Mortensen’s wife (Trin Miller), who has been away from the family, hospitalized for bipolar disorder, is seen only in dreams, flashbacks, and photos. It’s enjoyable the way Matthew Ross’s screenplay and direction try to denaturalize ordinary American life as it’s lived in the suburbs, but nothing everyone hasn’t thought a million times before. To provide mainstream balance, Ross tempers Mortensen’s nobility by presenting him as a danger to his family, a radical who hasn’t really thought things through.
What becomes the most interesting thing about Captain Fantastic by the end is the absence of Mrs. Fantastic, his wife and the mother of all these kids. She gets two funerals in the film, one traditional, at the insistence of her wealthy parents, and one presided over by Mortensen after he and the kids dig her up and cremate her. They flush her ashes down a toilet (her idea) then hold an oceanside ceremony at which they group-sing her favorite song, “Sweet Child O’ Mine,” a music choice that constitutes a shock ending if ever there was one. In the film’s coda, a newly responsible Mortensen has become both mother and father to his brood, emancipated into domesticity on a chicken farm.
Nocturnal Animals
The first truly Trumpist film of its era, this disgusting and absurd neo-noir, by the fashion designer Tom Ford, flaunts its malice and misogyny, presenting them as criticism of the art world and its hangers-on. Ford cribs from David Lynch, Stanley Kubrick, and Sam Peckinpah as if no one has ever seen films by any of them before and he’s doing the audience a favor. A notorious recovering Botox addict, he inserts a meaningless close-up of a society lady’s surgically altered face into a conversation, just to drive home how much better he is than the people who have made him rich.
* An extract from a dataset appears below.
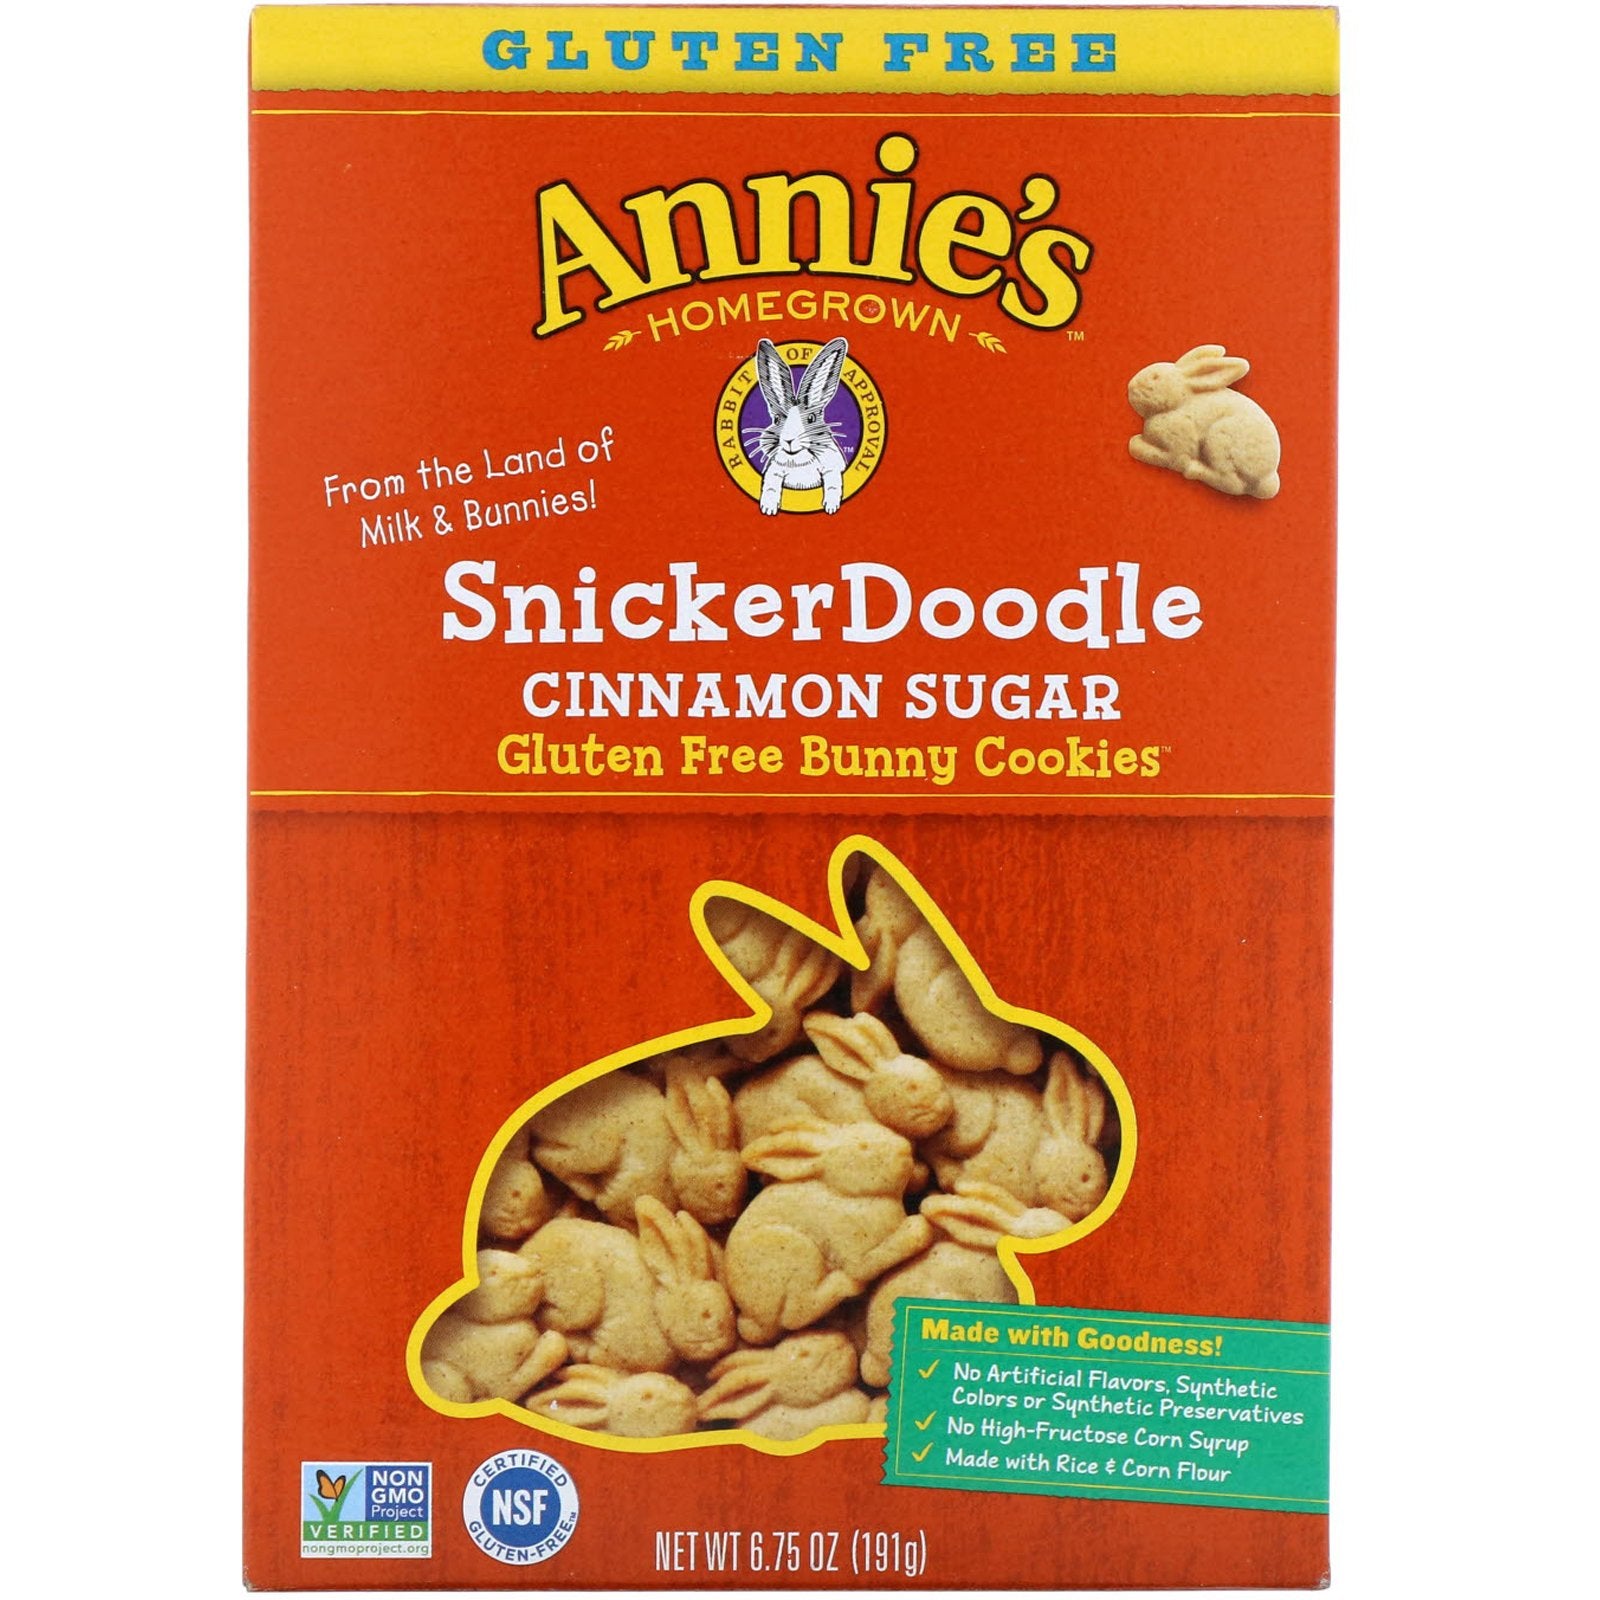 Annie's Homegrown, Gluten Free Bunny Cookies, SnickerDoodle, Cinnamon Sugar, 6.75 oz (191 g)

The obese nude women presented as art objects in the film’s opening gallery scenes are used as props and dismissed, a bunch of performers duped into freak-show self-empowerment.
Since most of the film is concerned with brutal rape and murder, Ford’s animosity to Amy Adams’s character in Nocturnal Animals is all the more repellent when the film flirts with exposing her as a rape victim in the story within the story. Instead, we learn she just broke Jake Gyllenhaal’s heart when she aborted their child while having an affair with another man. The tables have turned, however, and now Adams’s new husband is cheating on her. This handsome, empty-souled dimwit (Armie Hammer) gets off the hook pretty easy here compared to everyone else. Gyllenhaal, a sad-sack novelist, needles Adams by sending her galleys of his new book, a spiteful tome Ford seems to think redeems him as an artist and a man. “Who are the real animals?” Ford asks, which is a stupid question that probably occurred to him at a dinner party like the one in the film. The lengthy sub-Antonioni ending makes Amy Adams pathetic and unattractive despite the rich trappings of her wardrobe and makeup (more irony), while Aaron Taylor-Johnson, as the main hillbilly rapist, has a perfect haircut throughout the film. The difference exposes Ford’s sympathies, if you can call them that.